MTR: 'traceroute' and 'ping' in a single tool
14 comments
·February 3, 2025eudhxhdhsb32
Mtr is indeed nice.
One thing I've not understood is why will some hops have consistently lower ping times than hops farther down the chain in the same trace?
Is it indicating that the router is faster at forwarding packets than responding to ping requests?
oxygen_crisis
Traceroute doesn't use ping requests except with the old Windows binary. Usually it uses "Time-to-live (TTL) exceeded in transit" messages.
Beyond that technicality, your guess is often right... Routers will frequently prioritize forwarding packets over sending the TTL exceeded packets tools like MTR use to measure response times.
ta1243
Also you can easily have the TTL expired message going via a different route on the return path (and indeed the same applies with your normal connections, asymetric routing can be a pain - especially in networks with rpf issues (multicast ones are a particular pain point), and with stateful firewalls, but most of the time it's fine. You just need to be aware.
Obviously you know, but for anyone else reading, a modern traceroute tool (like mtr) can send icmp, udp or tcp, on generic or specific ports. Indeed the default for mtr on my laptop is to use icmp.
commandersaki
Great tool for misleading results.
ta1243
The results aren't misleading, shockingly large numbers of "computer professionals" have no idea how networks work, but that's because they can't use the tools rather than the tools being misleading
jeroenhd
People familiar with networking underestimate how complicated networking actually is. A huge segment of programmers will learn about the existence of routing and BGP and end up in a career where HTTPS and maybe DNS is all they need to worry about.
I'm 100% sure the only reason so many programmers know how NAT works is because NAT breaks video games.
hiAndrewQuinn
>shockingly large numbers of "computer professionals" have no idea how networks work
Incidentally, if you suspect you yourself are this, I can't recommend any book more highly than Michael W. Lucas's Networking for Systems Administrators. Don't be fooled by the title - the whole idea is to get you to the level where you can talk to a network engineer without looking totally clueless, and no farther - an excellent stopping point.
I would recommend it handily over, say, my own Intro to Networking class in college. And yes, `mtr` is mentioned by name in it!
otterz
Care to elaborate?
zinekeller
One under-appreciated problem (except from MPLS fudging and multiple load-balancing routers) is that traceroute (including MTR) only shows the way from the sender to the recipient, but actual networks, especially non-peered connections, usually do not use the same paths for both directions.
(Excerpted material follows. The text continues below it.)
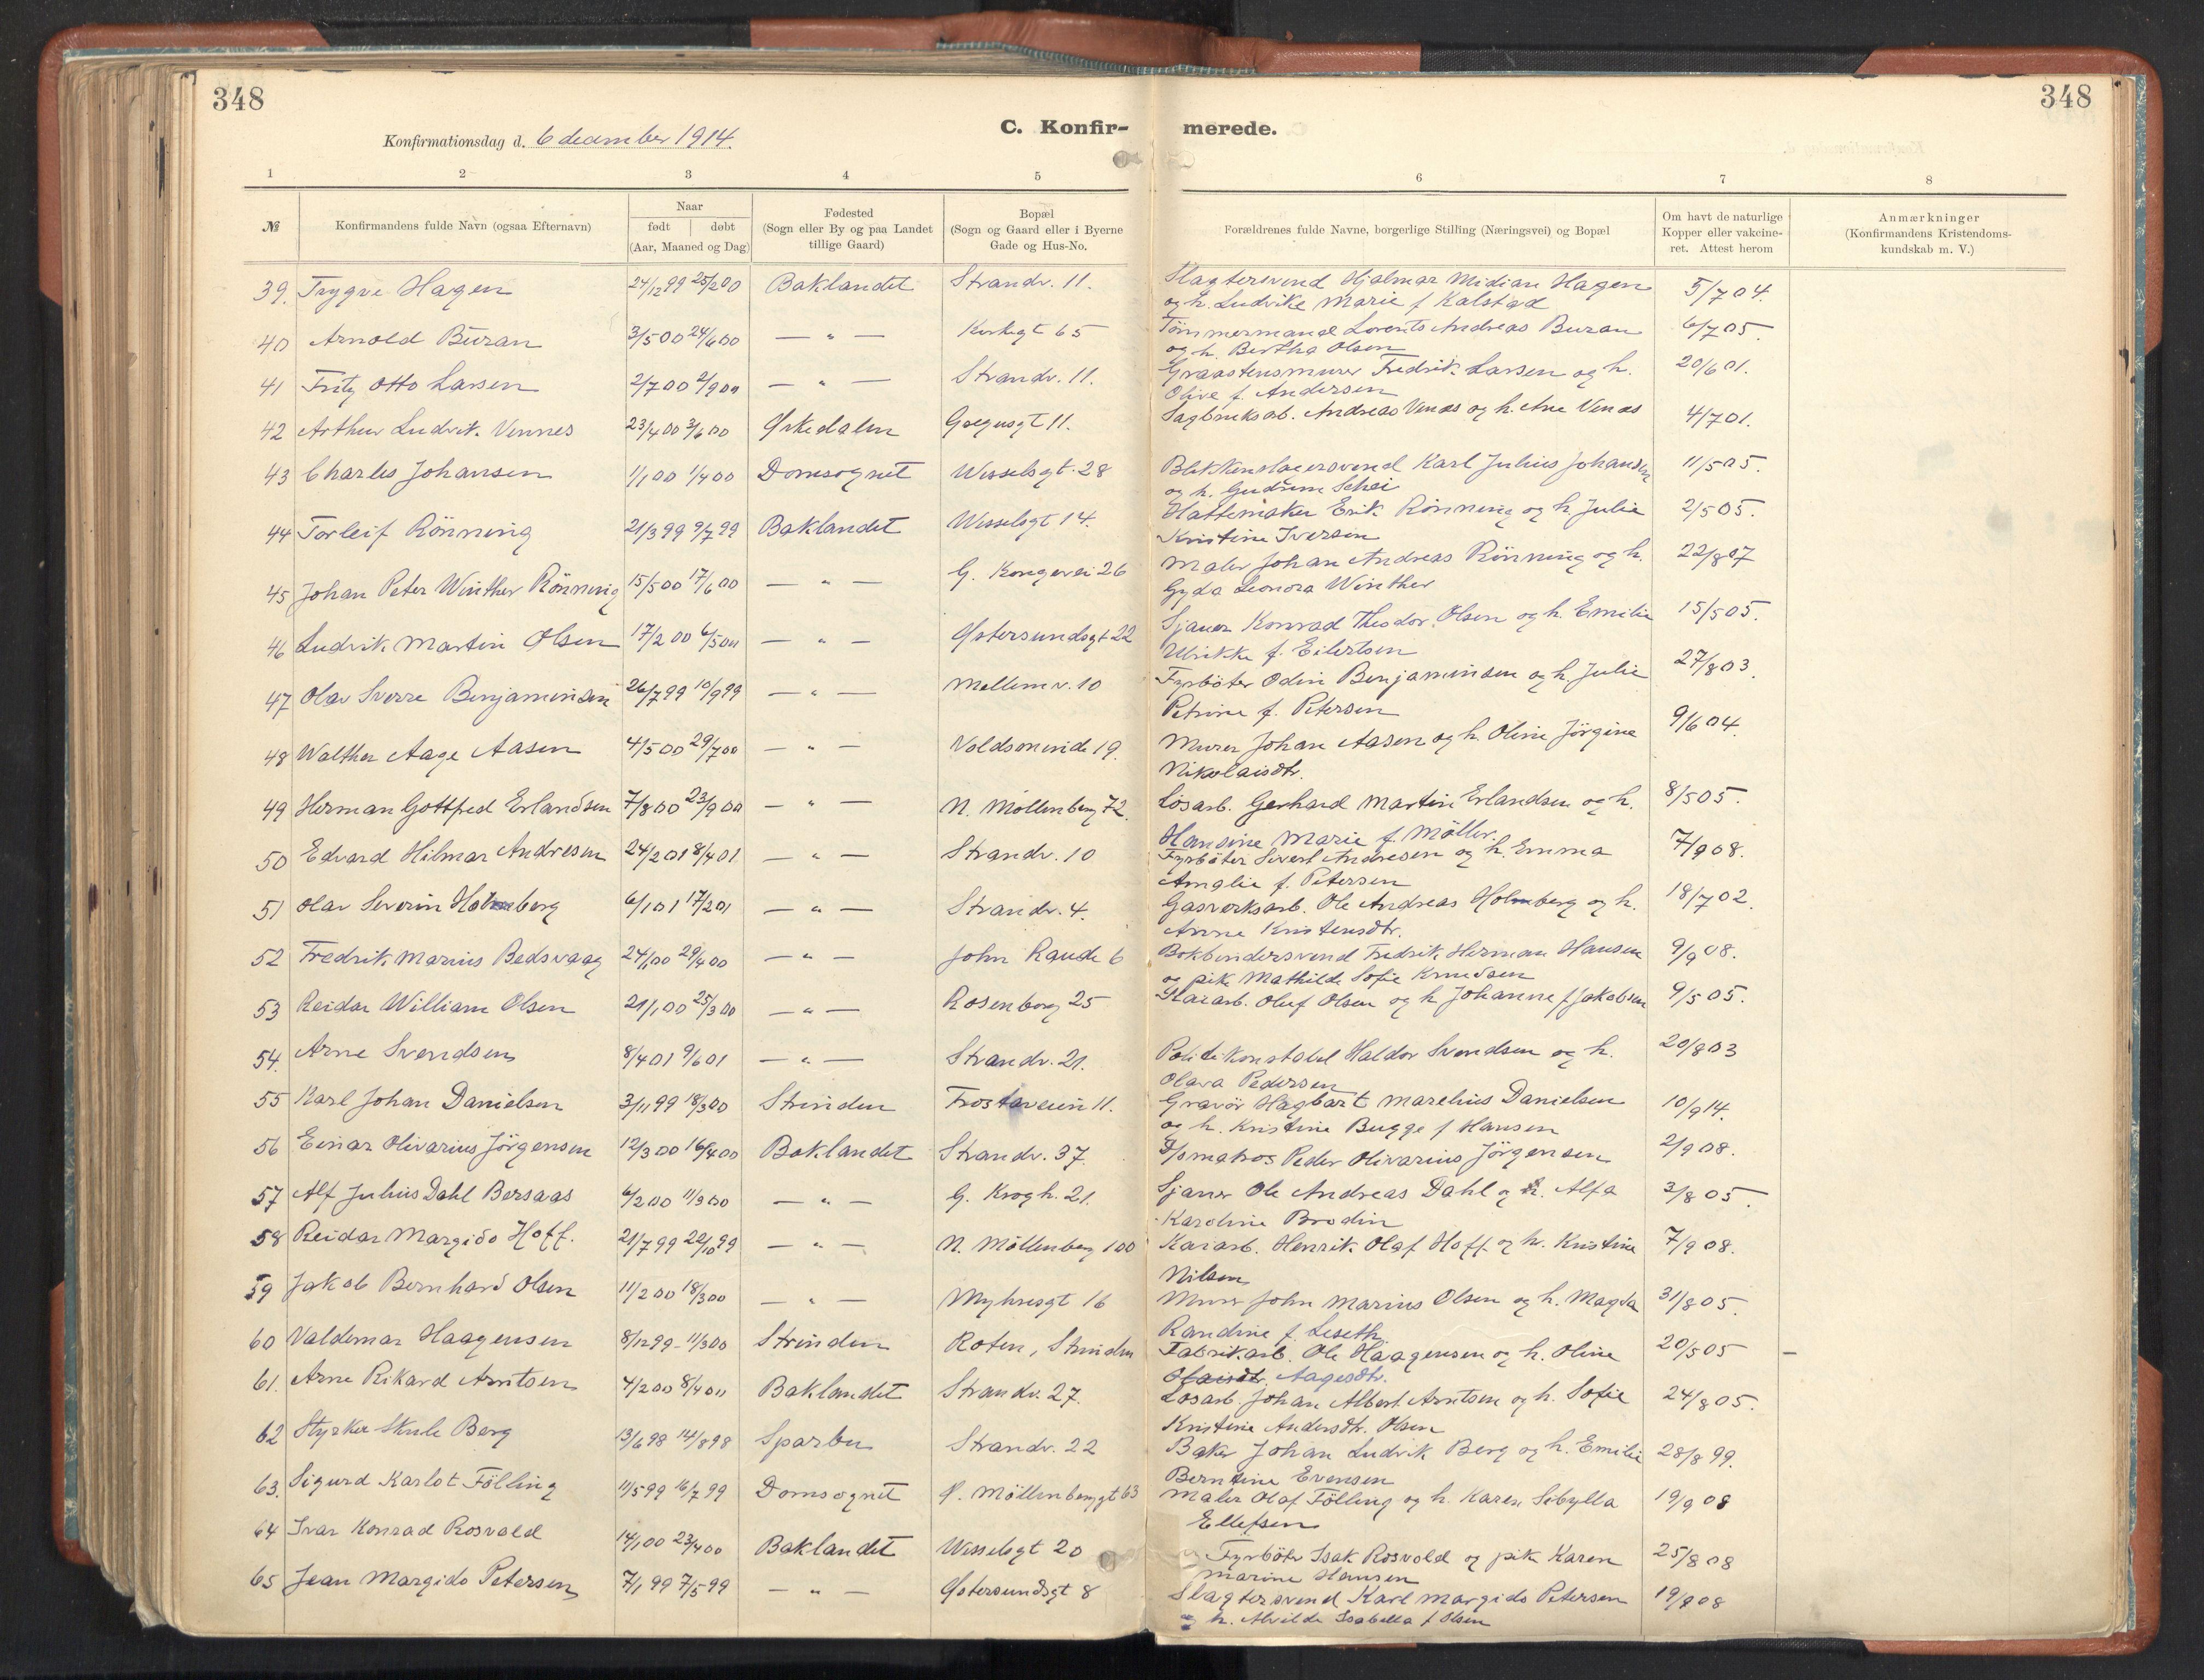 SAT, Ministerialprotokoller, klokkerbøker og fødselsregistre - Sør-Trøndelag, 605/L0243: Ministerialbok nr. 605A05, 1908-1923, s. 348

One example that I've encountered is network A sending its packets via then-Telia (now Arelion) but network B routing their packets through NTT instead, which is only shown if you have initiated traceroutes in both directions.
lode
Traceroute is easy to be misinterpreted, because it does not have insight in underlying networks like MPLS, which could be the cause of issues.
https://movingpackets.net/2017/10/06/misinterpreting-tracero... (discussion at https://news.ycombinator.com/item?id=15474043 )
oxygen_crisis
They are only misleading if you allow yourself to be misled by them. It's an extremely informative measurement if you are aware of how it works and don't misinterpret the results.
MTR has long been one of the first little tools that I install on workstations.
I also have a hotkey to pop it up in a window, pinging to some host that'll always be somewhere on the other side of any ISP from me. Whenever I suddenly suspect a networking problem from my laptop, I hit the hotkey as the first troubleshooting step. MTR starts to narrow down a few different problems very quickly.